Part B
Directions:
In the following text, some sentences have been removed. For Questions 41-45, choose the most suitable one from the list A-G to fit into the numbered blank when there are tow extra choices, which do not fit in any of the gaps. Mark your answers on ANSWER SHEET 1. (10 points)
At picnics, ants are pests. But they have their uses. In industries such as mining, farming and forestry, they can help gauge the health of the environment by just crawling around and being antsy.
It has been recognized for decades that ants—which are highly sensitive to ecological change—can provide a near-percent barometer of the state of an ecosystem. Only certain species, for instance, will continue to thrive at a forest site that has been cleared of trees. (41) And still others will move in and take up residence.
By looking at which species populate a deforested area, scientists can determine how "stressed" the land is. (42) Ants are used simply because they are so common and comprise so many species.
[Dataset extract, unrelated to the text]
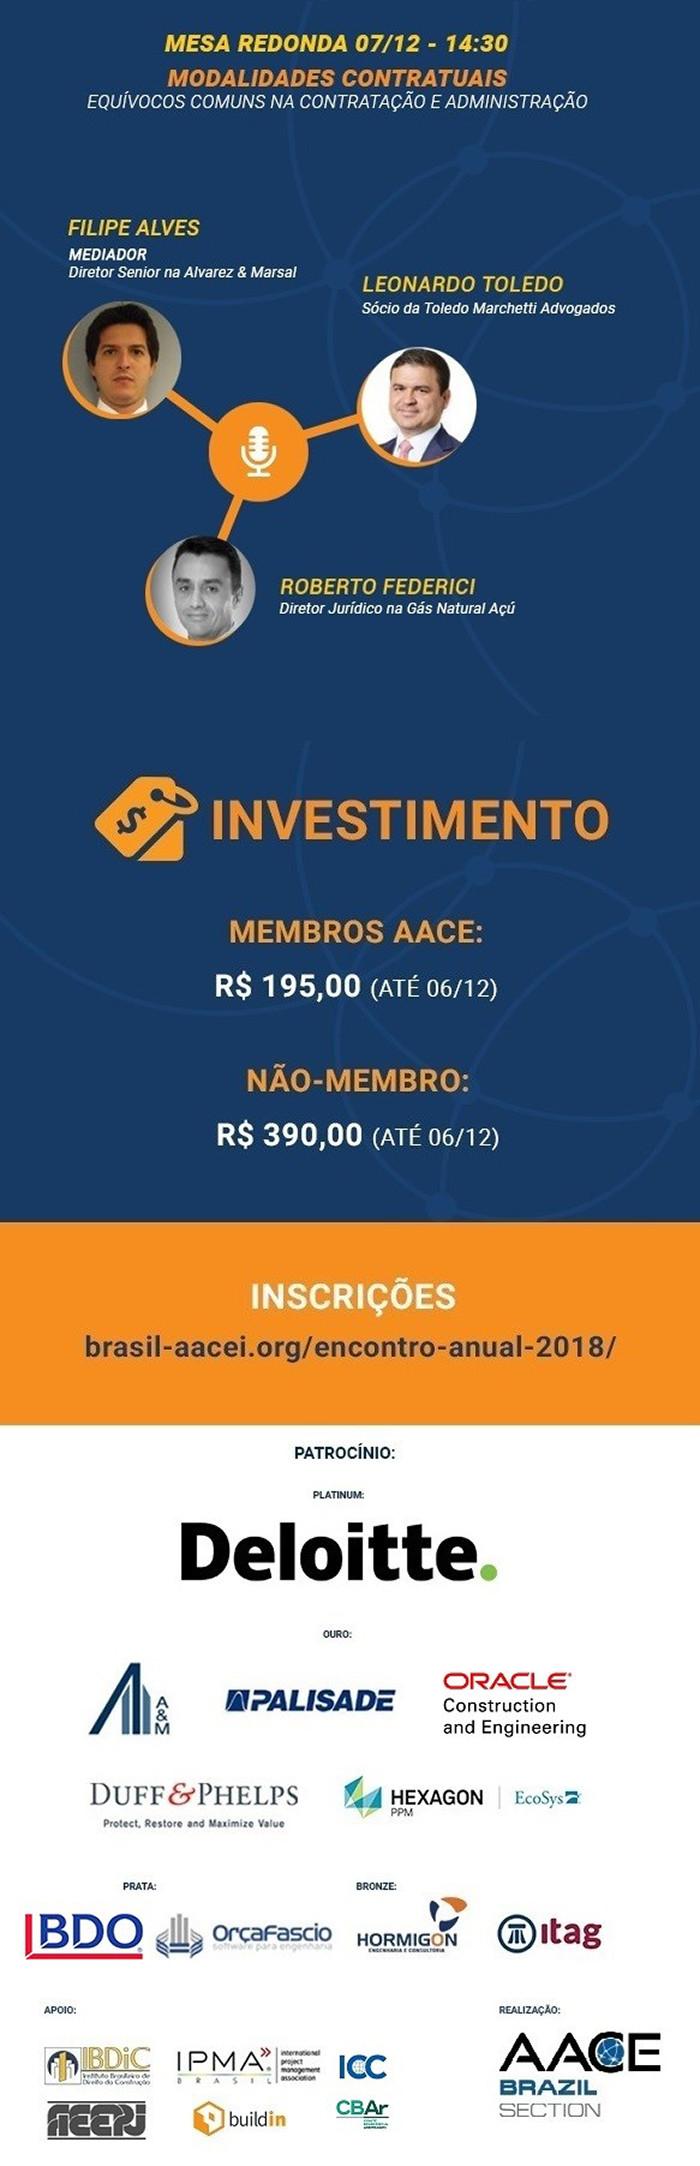 VI Encontro Anual da Associação para Desenvolvimento da Engenharia de Custos (AACE Brasil)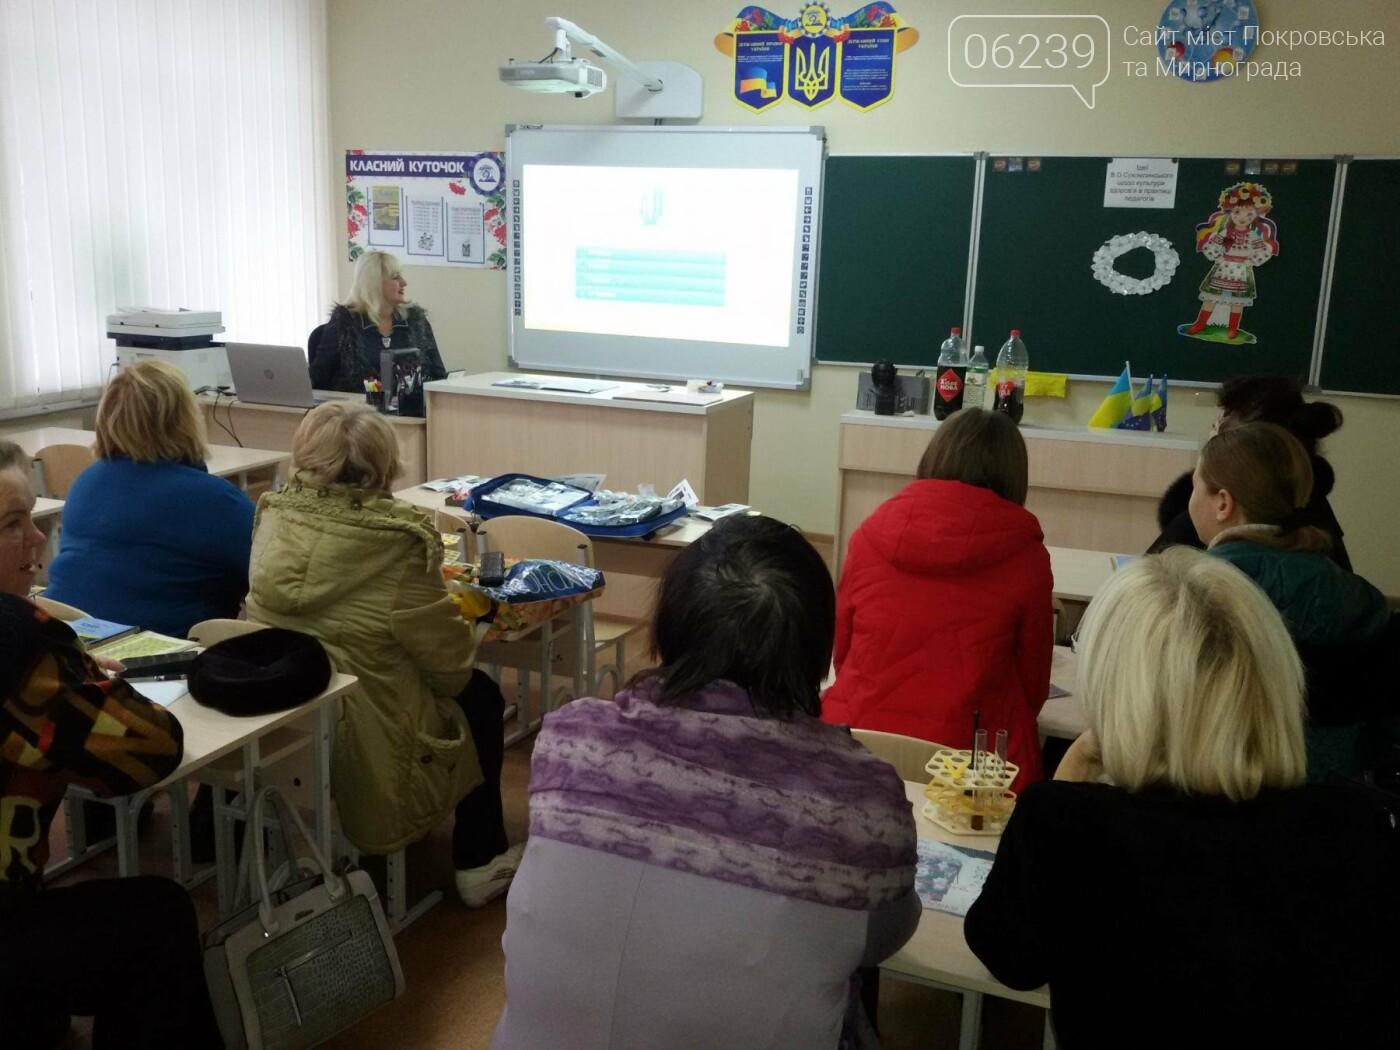 В Покровской опорной школе №9 прошел семинар-практикум по здоровьесбережению, фото-5

Where mine sites are being restored, for example, some ant species will recolonize the stripped land more quickly than others. (43) Australian mining company Capricorn Coal Management has been successfully using ant surveys for years to determine the rate of recovery of land that it is replanting near its German Creek mine in Queensland.
Ant surveys also have been used with mine-site recovery projects in Africa and Brazil, where warm climates encourage dense and diverse ant populations. "We found it worked extremely well there," says Jonathan Majer, a professor of environmental biology. Yet the surveys are perfectly suited to climates throughout Asia, he says, because ants are so common throughout the region. As Majer puts it: "That's the great thing about ants."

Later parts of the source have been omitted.